The same month the Nuremberg trial opened, in October 1945, the Army Air Forces hosted a grand two-day-long fair at Wright Field. On display were captured German and Japanese aircraft and rockets seen by the public for the first time since war’s end. Over half a million people from twenty-six countries came to marvel at the confiscated enemy equipment, said to be worth $150 million. Among the items on display were the V-2 rocket, the Focke-Wulf Fw 190 G3 fighter aircraft, and the Messerschmitt Me 262. Particularly fascinating to the public was that some of the airplanes still had swastikas painted on their tails. The fair was so popular that the Army Air Forces extended it for five days. There was no mention made of the fact that several of the men who had designed and engineered these weapons were living a stone’s throw away, at the Hilltop.

 

Among the half-million visitors at the fair was John C. Green, the Commerce Department’s representative on the JIOA advisory board and its executive secretary overseeing the PB reports.
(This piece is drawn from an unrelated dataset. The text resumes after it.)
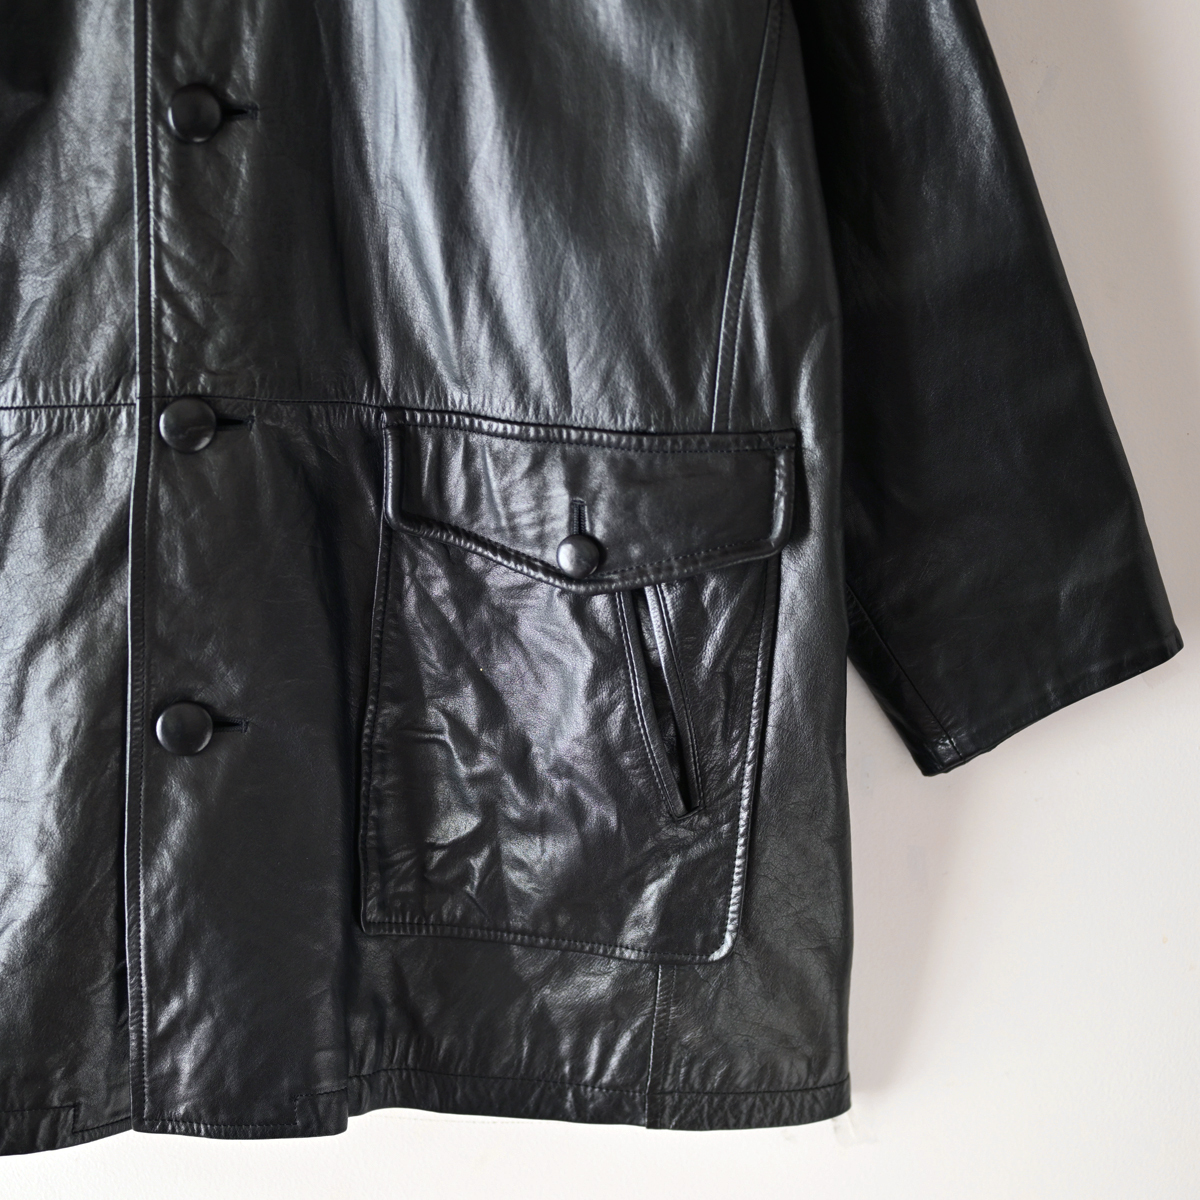 90skau leather car coat black black free size / Vintage 80s USA American Casual original leather coverall jacket

The board had just changed its name to the Office of Technical Services, underscoring its transformation from a passive “board” to a more active “service” that would make use of cutting-edge science and technology. As planned, Green tracked down Colonel Putt at the Wright Field Fair. He had a myriad of questions for Putt, all of which centered around one idea: How could all this science and technology on display benefit American industry moving forward? Initially, Putt was uneasy about Green’s attention, but in the end he decided to take a gamble on him. After all, John C. Green had access to the classified list. Putt shared with him some information about the German scientists on the Hilltop. How they were like men kept in an ivory tower, how their talents were squandered by policy and prejudice in some circles in Washington, D.C. They needed employment opportunities, Putt lamented. Perhaps Green could help?

 

Green seemed amenable, and Putt took note. “During his visit to the Air Forces Fair, Wright Field, [John C. Green] evidenced keen interest and inquired as to the reaction of industry toward the possible employment of German scientists,” Putt wrote in a memo. He was not yet clear if Green’s “influence is favorable or unfavorable.” But Putt decided to take the risk. He forwarded to Green several “letters of interest” from defense contractors regarding potential employment of the German scientists. These documents had already been received by Air Material Command. They included letters from Dow Chemical Company, the AiResearch Manufacturing Company, and the Aircraft Industries Association. Defense contracts meant that there was business in the wings waiting to be transacted. It was Washington, D.C., that stood in the way. Putt explained to Green that these private businesses did not have a high enough security clearance to deal directly with the German scientists themselves.

 

John C. Green wrote to JIOA explaining what he had in mind: German scientists of “international repute” should be allowed, with their families, to enter the United States for long-term work, argued Green. This was good for American businesses. The letters from the defense contractors indicated that there was a great demand for this kind of work. The Commerce Department would set up a board to weed out the Nazis and bring the good Germans in. The German scientists’ knowledge and know-how would be “fully and freely” available to all Americans, said Green. This boom to industry would help create tens of thousands of American jobs.

 

Inside the JIOA, reactions were mixed, particularly among advisory board members. The assistant secretary of the interior was skeptical as to how Commerce could guarantee to keep old Nazis out of the program. The War Department did not like the idea of having to bring the families to America. Army Intelligence felt Green’s proposal had validity from an economic perspective. If Commerce got involved in the German scientist program, the army would not necessarily have to shoulder so much of the financial burden. The State Department continued to voice objections, saying that regardless of who footed the bill, visas were not going to be granted to former enemies of the state without thorough and individual investigations. The Nazi scientist program was a temporary military program, State said. Nothing more.